* [PROBLEM]:
Below is a listing from which only part is wanted; return exactly the lines from the one with "enoteche, street food" up to and including the one with "Termostato Display W1209".
*** RECORDS SHOWN ***
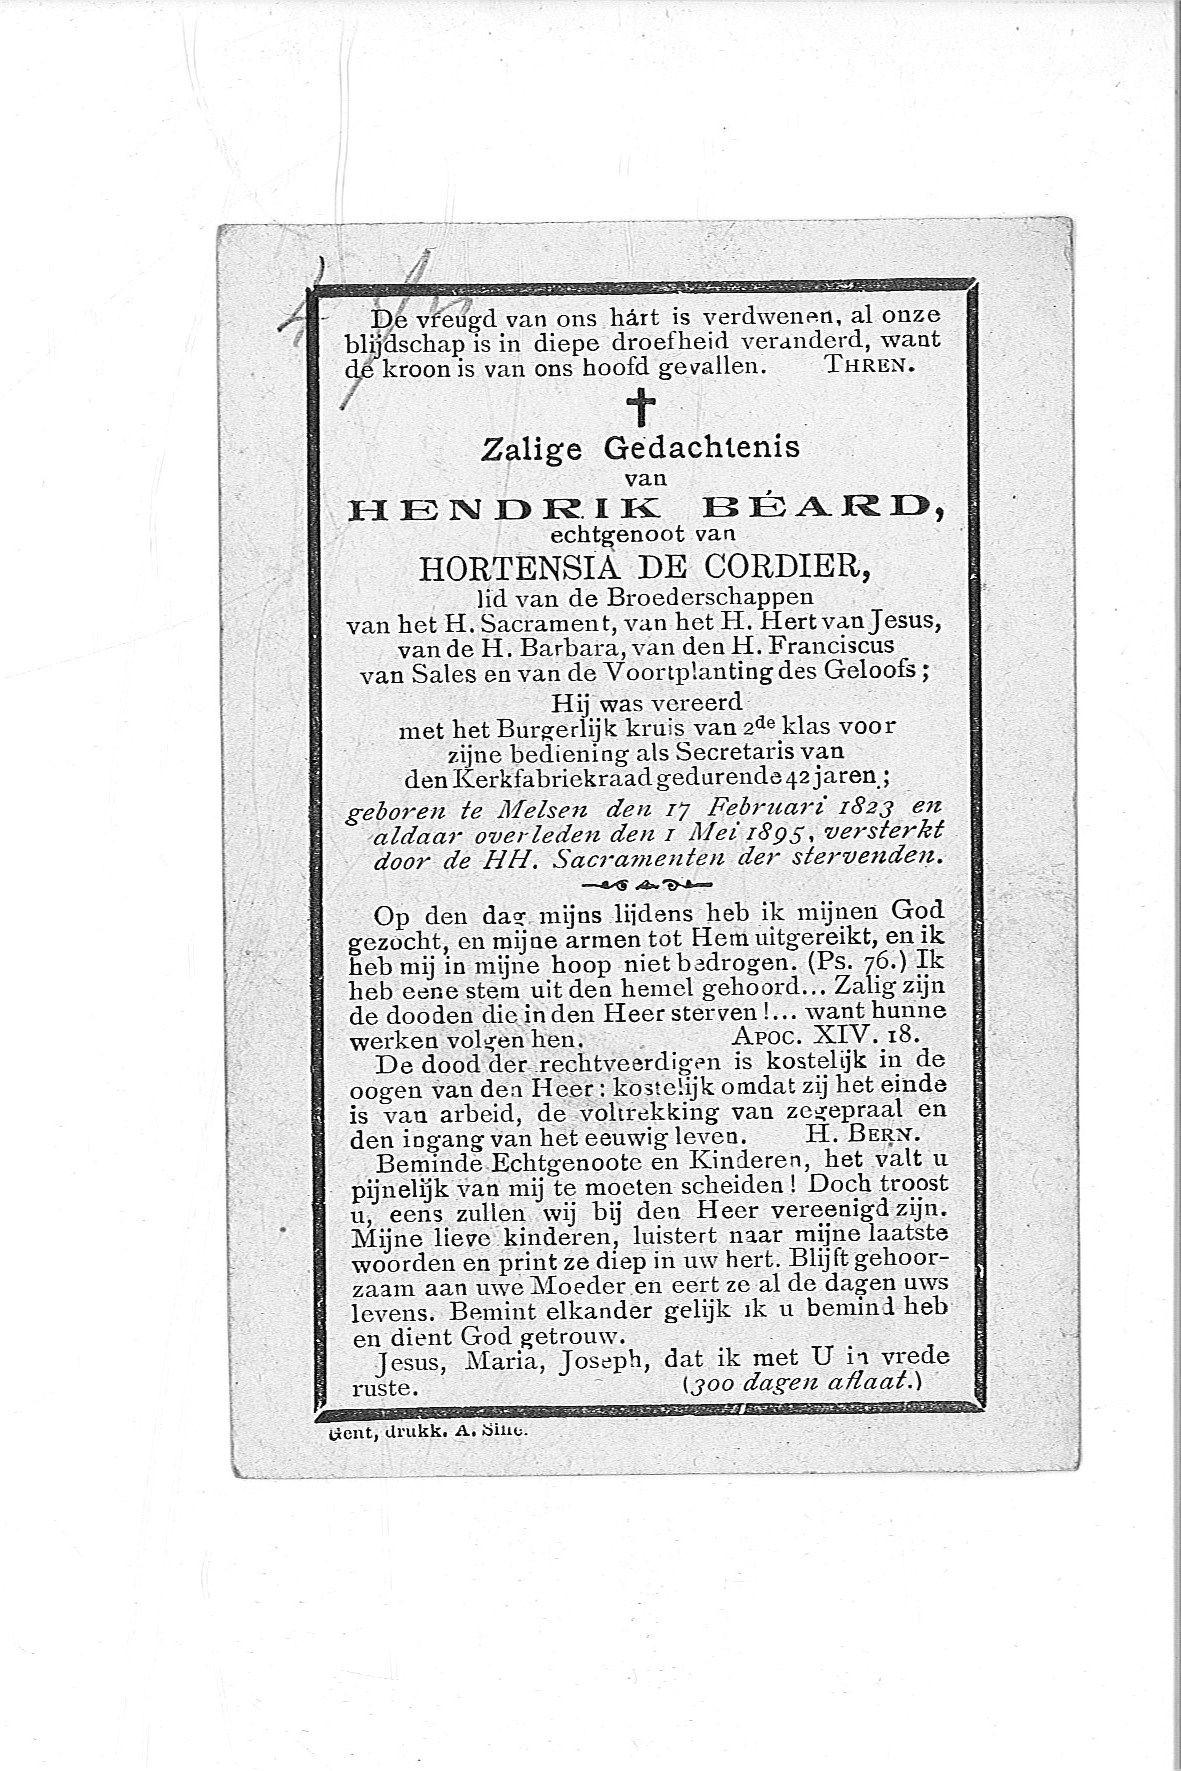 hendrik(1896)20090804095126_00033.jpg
*** End of RECORDS SHOWN ***
*** RECORDS SHOWN ***
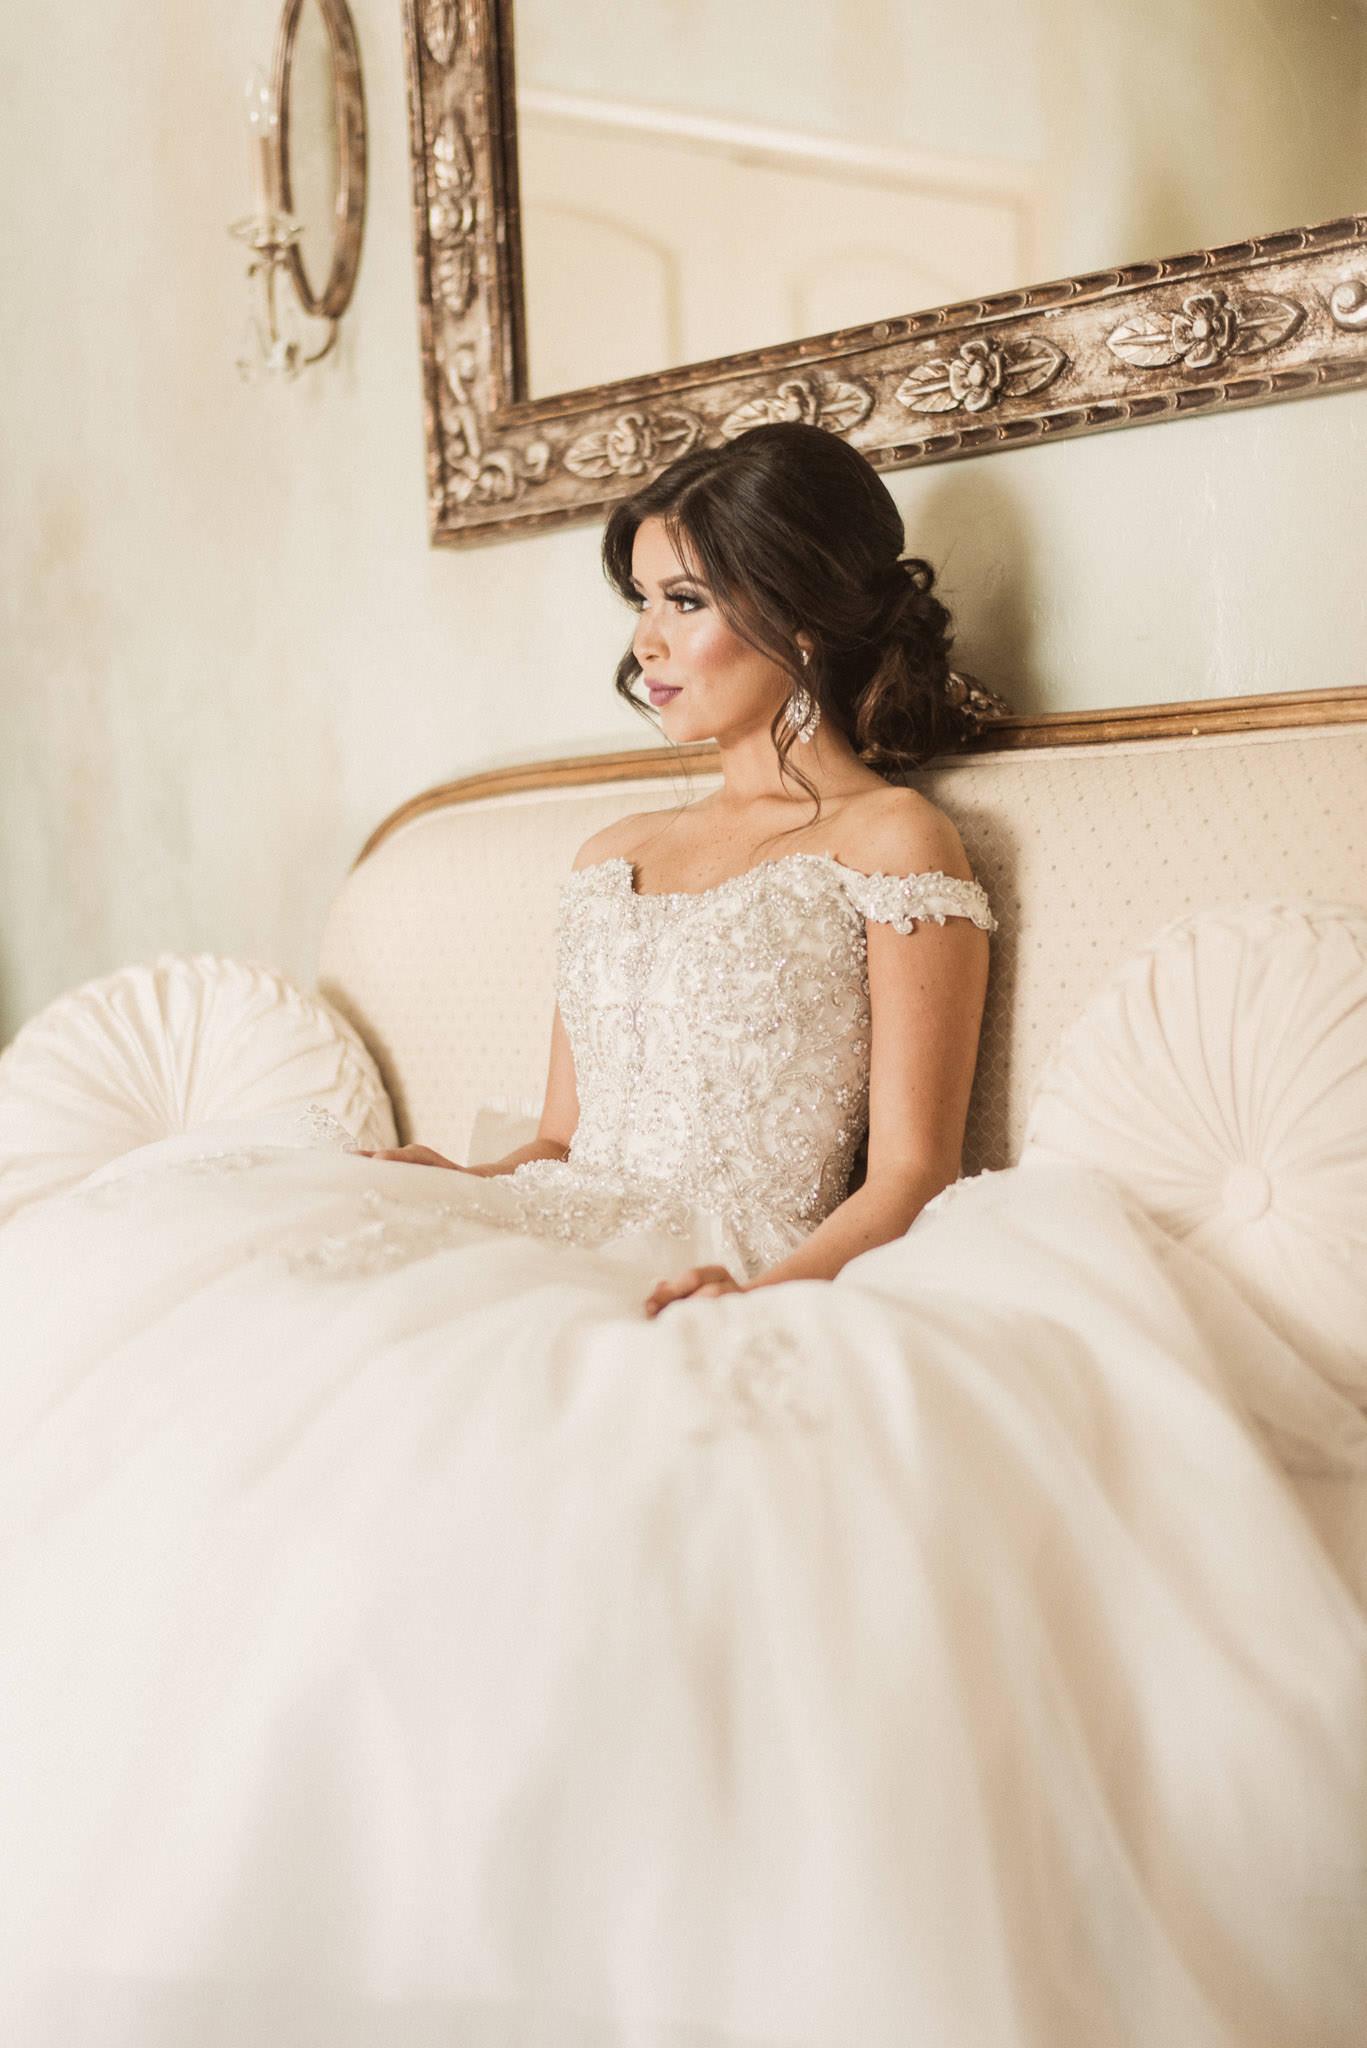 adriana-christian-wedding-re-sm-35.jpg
*** End of RECORDS SHOWN ***
*** RECORDS SHOWN ***
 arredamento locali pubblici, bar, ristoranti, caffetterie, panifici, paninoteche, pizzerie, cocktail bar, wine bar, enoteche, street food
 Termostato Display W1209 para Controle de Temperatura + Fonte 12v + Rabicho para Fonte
*** End of RECORDS SHOWN ***
* [RESPONSE]:
 arredamento locali pubblici, bar, ristoranti, caffetterie, panifici, paninoteche, pizzerie, cocktail bar, wine bar, enoteche, street food
 Termostato Display W1209 para Controle de Temperatura + Fonte 12v + Rabicho para Fonte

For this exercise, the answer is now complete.